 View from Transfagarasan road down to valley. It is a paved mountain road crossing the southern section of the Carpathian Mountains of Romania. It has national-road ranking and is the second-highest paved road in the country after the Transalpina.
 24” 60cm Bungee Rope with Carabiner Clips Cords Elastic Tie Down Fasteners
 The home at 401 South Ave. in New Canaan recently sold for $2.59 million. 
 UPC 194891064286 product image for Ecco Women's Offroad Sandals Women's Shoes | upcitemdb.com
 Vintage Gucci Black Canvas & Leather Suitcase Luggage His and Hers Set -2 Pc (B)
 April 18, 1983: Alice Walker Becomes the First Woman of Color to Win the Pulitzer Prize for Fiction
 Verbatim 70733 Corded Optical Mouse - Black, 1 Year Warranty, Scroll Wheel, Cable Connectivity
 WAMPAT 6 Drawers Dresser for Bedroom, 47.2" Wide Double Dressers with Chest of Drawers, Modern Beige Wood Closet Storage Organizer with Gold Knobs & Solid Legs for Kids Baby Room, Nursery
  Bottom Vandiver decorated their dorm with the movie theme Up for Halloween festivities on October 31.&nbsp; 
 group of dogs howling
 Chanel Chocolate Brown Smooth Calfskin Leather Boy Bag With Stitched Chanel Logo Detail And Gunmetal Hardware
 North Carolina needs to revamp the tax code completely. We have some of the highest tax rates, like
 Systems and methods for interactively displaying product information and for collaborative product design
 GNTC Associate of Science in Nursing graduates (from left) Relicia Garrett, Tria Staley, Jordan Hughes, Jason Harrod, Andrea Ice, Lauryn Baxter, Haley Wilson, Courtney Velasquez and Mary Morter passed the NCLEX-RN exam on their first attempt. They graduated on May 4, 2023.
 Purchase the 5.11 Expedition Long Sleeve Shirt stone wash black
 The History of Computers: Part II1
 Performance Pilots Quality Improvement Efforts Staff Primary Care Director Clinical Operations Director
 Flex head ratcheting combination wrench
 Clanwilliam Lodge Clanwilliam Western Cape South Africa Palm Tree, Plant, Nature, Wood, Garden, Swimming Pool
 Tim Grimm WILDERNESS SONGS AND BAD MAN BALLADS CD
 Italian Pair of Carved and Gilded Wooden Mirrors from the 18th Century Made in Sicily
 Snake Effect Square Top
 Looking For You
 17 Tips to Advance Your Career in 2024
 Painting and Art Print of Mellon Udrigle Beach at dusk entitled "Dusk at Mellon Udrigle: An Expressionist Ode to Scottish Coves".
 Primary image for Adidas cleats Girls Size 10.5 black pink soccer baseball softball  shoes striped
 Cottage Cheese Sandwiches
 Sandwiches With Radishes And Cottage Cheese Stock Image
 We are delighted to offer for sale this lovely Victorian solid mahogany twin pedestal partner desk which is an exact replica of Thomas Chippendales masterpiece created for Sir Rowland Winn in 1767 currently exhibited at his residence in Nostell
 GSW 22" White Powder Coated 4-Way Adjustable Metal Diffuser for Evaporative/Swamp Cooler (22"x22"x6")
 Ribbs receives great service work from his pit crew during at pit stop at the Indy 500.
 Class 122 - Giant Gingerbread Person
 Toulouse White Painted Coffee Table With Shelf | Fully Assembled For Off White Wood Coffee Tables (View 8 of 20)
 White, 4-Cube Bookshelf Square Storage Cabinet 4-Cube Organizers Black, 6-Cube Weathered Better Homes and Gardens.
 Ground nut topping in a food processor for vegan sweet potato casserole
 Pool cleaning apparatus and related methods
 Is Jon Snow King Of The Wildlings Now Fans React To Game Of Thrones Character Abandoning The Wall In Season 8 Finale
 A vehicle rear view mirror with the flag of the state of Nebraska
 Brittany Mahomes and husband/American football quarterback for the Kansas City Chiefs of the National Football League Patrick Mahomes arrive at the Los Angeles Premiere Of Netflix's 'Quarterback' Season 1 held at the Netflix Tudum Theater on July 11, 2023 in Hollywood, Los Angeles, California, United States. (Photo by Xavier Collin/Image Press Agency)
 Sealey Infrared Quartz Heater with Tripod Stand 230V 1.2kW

━━━━━━

__EXERCISE INSTRUCTIONS__: Tally the lines in the records that hold the word "Leather", and state only the resulting number.

__SOLUTION__: 2